Here’s more about a typical day volunteering at Baphumelele and, although I’m going to tell you a little more about the nitty, gritty of Bap, I want to emphasize at the outset that the life for the children at Bap is 100x better than the alternative for them, and Bap does provide them with a lot of good attention and care…

After another great three days off in Cape Town, this time touring the wine country outside the city and Robben Island, where Mandela spent 18 of his 27 years in prison, my third shift at Baphumelele began this past Monday, January 12. And it was hectic one. Two of the volunteers from my previous shift completed their stint at Bap and so headed home over the weekend, leaving only Marta (the Canadian) and me for a few days until we could be joined by two new volunteers later in the week.
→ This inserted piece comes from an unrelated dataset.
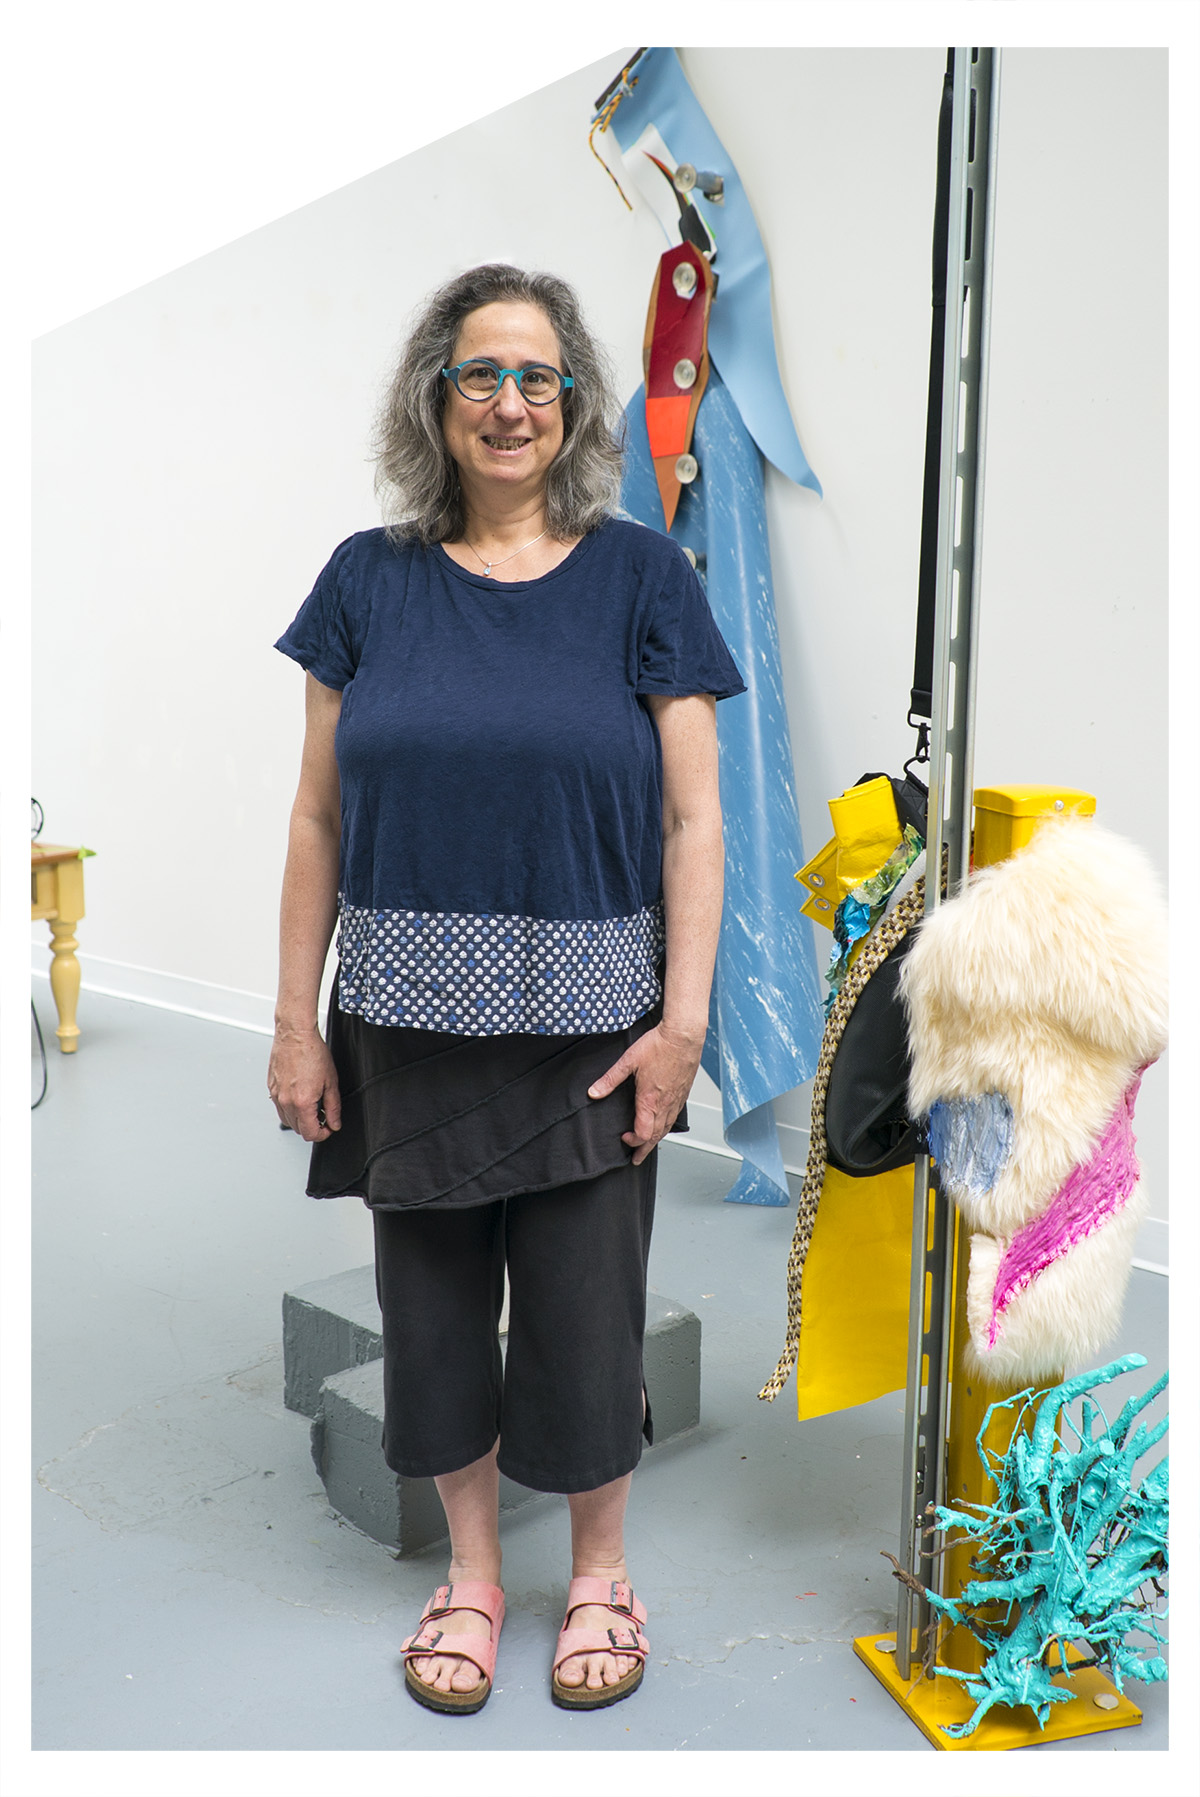 Jessica Stockholder in her studio at University of Chicago.

We were picked up in Cape Town at 9:30 Monday morning to be driven out to Khayelitsha. In tow, we had our groceries for 3 ½ days (we buy the same thing each shift – lettuce and veggies which can go on our egg sandwiches for breakfast, our ham sandwiches for lunch (turkey does not seem to be something they eat/sell here), and our frozen cheese pizzas for dinner); our linens (which always includes two fitted sheets, for extra protection against bed bugs); and our clothes (which are easy to pack, since I wear the same pair of pants and the same three t-shirts each shift). After we arrived at Bap, we quickly unloaded our groceries, sprayed our mattresses for bed bugs (I have not had any problems yet…but others supposedly have), and headed down to the America House to meet the children as they awoke from their naps.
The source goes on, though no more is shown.